The procedure involves injecting a mixed stream of carbon dioxide and nitrogen gases into the Ignik Sikumi No. 1 well. The well, already drilled, is a partnership between ConocoPhillips, the U.S. Department of Energy’s National Energy Technology Laboratory (NETL), and a Japanese company.

The idea of the injection is to “evaluate in-situ gas-to-gas exchange as a potential method for producing methane from gas hydrates,” says the Jan. 18 enhanced recovery injection order from the Alaska Oil and Gas Conservation Commission.

Huge potential of hydrates

The well’s name, Ignik Sikumi, is Iñupiaq for “fire in the ice.”

Hydrates are a solid, crystalline form of gas, usually methane, mixed in sandstone and water. A combination of cold and pressure keeps the gas as a solid.

The test will involve injecting tons of carbon dioxide down the well in an effort to free methane from hydrate-saturated sandstone.

The process involves exchanging CO2 molecules for methane molecules within the hydrate. The aim is to produce methane gas, leaving the CO2 trapped underground.

This has worked in a lab, but hasn’t been tried in the field.

Ignik Sikumi is an important project considering the huge potential that hydrates represent. The U.S. Geological Survey has estimated 85 trillion cubic feet of undiscovered, technically recoverable gas resources exist within hydrates in northern Alaska. That compares to the 35 tcf of known conventional gas in Prudhoe Bay and other North Slope fields.

Injection details

ConocoPhillips spudded the Ignik Sikumi exploratory well on April 5, 2011, and reached a total depth of 2,597 feet on April 16, an AOGCC well completion report shows.

It was drilled on an ice pad adjacent to the BP-operated Prudhoe Bay unit L-pad and temporarily suspended.

The well will be re-entered for the production test. The plan is to inject up to 20 tons of mixed CO2 and N2 into the hydrate-saturated Upper C Sand of the Sagavanirktok formation.

“The injected ... mixture in a gas state will exchange with the methane and remain sequestered in the pre-existing hydrate lattice,” the AOGCC order says.

Injection will occur within the Upper C Sand as deep as 2,273 feet measured depth.

The order says injection will occur over 10 to 14 days, with drawdown and production to follow.

“Produced fluids will be flowed through above-ground well testing equipment where the produced gas will be heated, separated and measured,” the order says.

In issuing the order, commissioners sought assurances the injection won’t interact with six nearby wells or affect fresh water zones, and also that fluids won’t migrate outside of the Upper C Sand.

Japan connection

An Oct. 24, 2011, NETL press release said the Japan Oil, Gas and Metals National Corp. also is involved in the Ignik Sikumi project.

Test plans call for “roughly 100 days of continuous operations from January to March 2012,” the release said.

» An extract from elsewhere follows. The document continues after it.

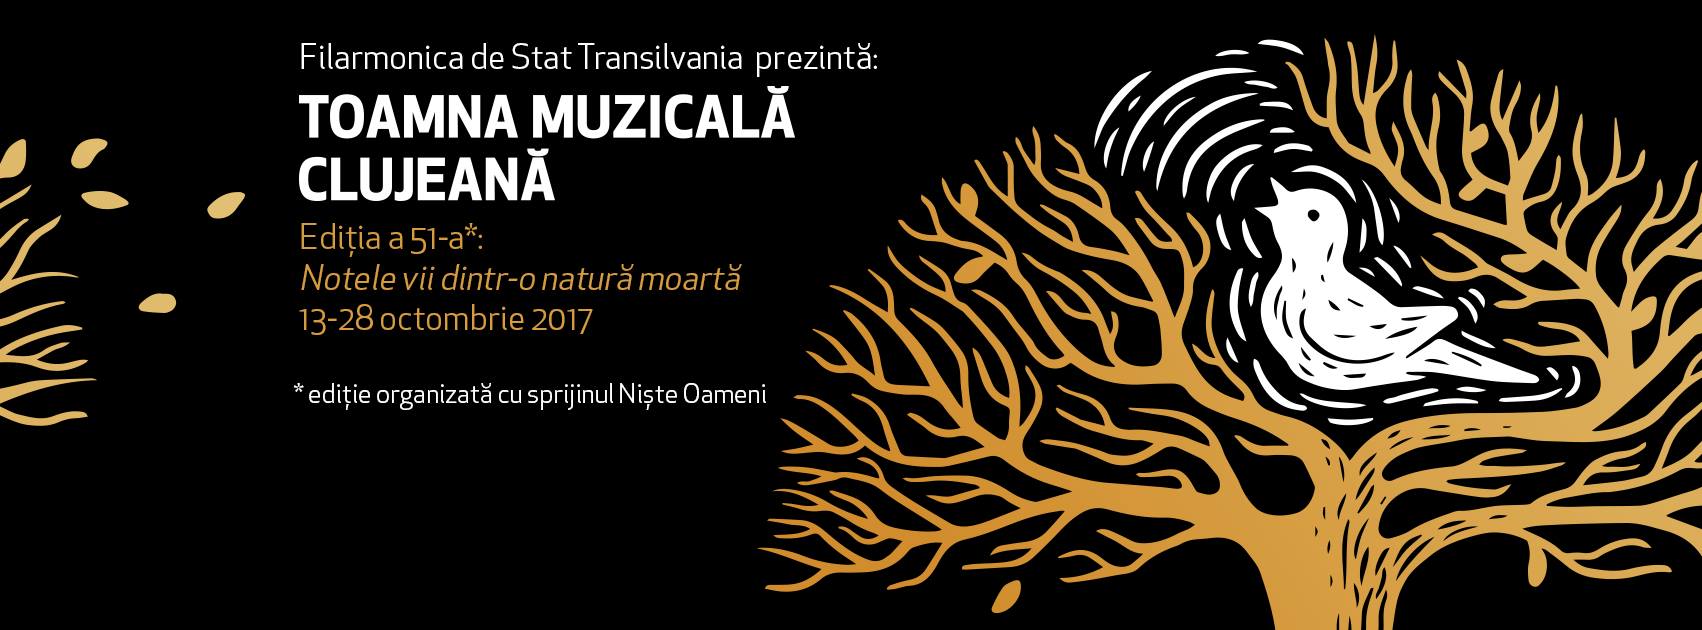 Toamna Muzicală Clujeană 2017
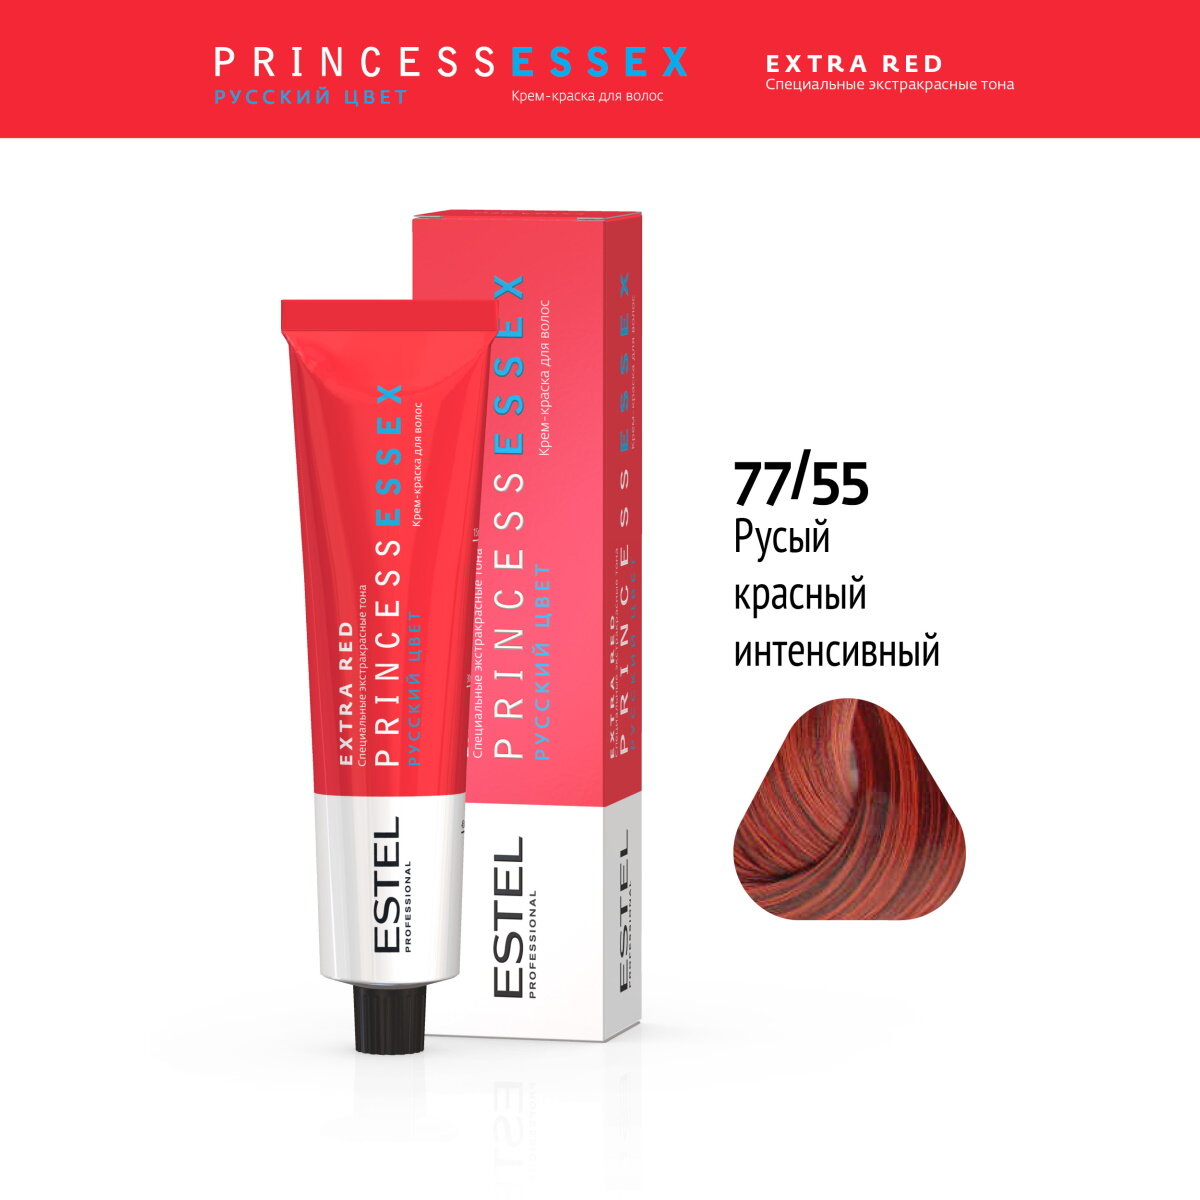 Крем-краска PRINCESS ESSEX EXTRA RED для окрашивания волос ESTEL PROFESSIONAL 77/55 страстная кармен 60 мл

“The collaborative testing will take place under the auspices of a Statement of Intent for Cooperation in Methane Hydrates signed in 2008 and extended in 2011 by DOE and Japan’s Ministry of Economy, Trade, and Industry,” NETL said. “The production tests are the next step in both U.S. and Japanese national efforts to evaluate the response of gas hydrate reservoirs to alternative gas hydrate production concepts. The tests will provide critical information to inform potential future extended-duration tests.”

Following the attempted swap of CO2 and methane molecules, the research team will conduct a monthlong evaluation of an alternative methane production method called depressurization.

“This process involves pumping fluids out of the borehole to reduce pressure in the well, which results in dissociation of methane hydrate into methane gas and liquid water,” NETL said. “The method was successfully demonstrated during a 1-week test conducted by Japan and Canada in northwestern Canada in 2008.”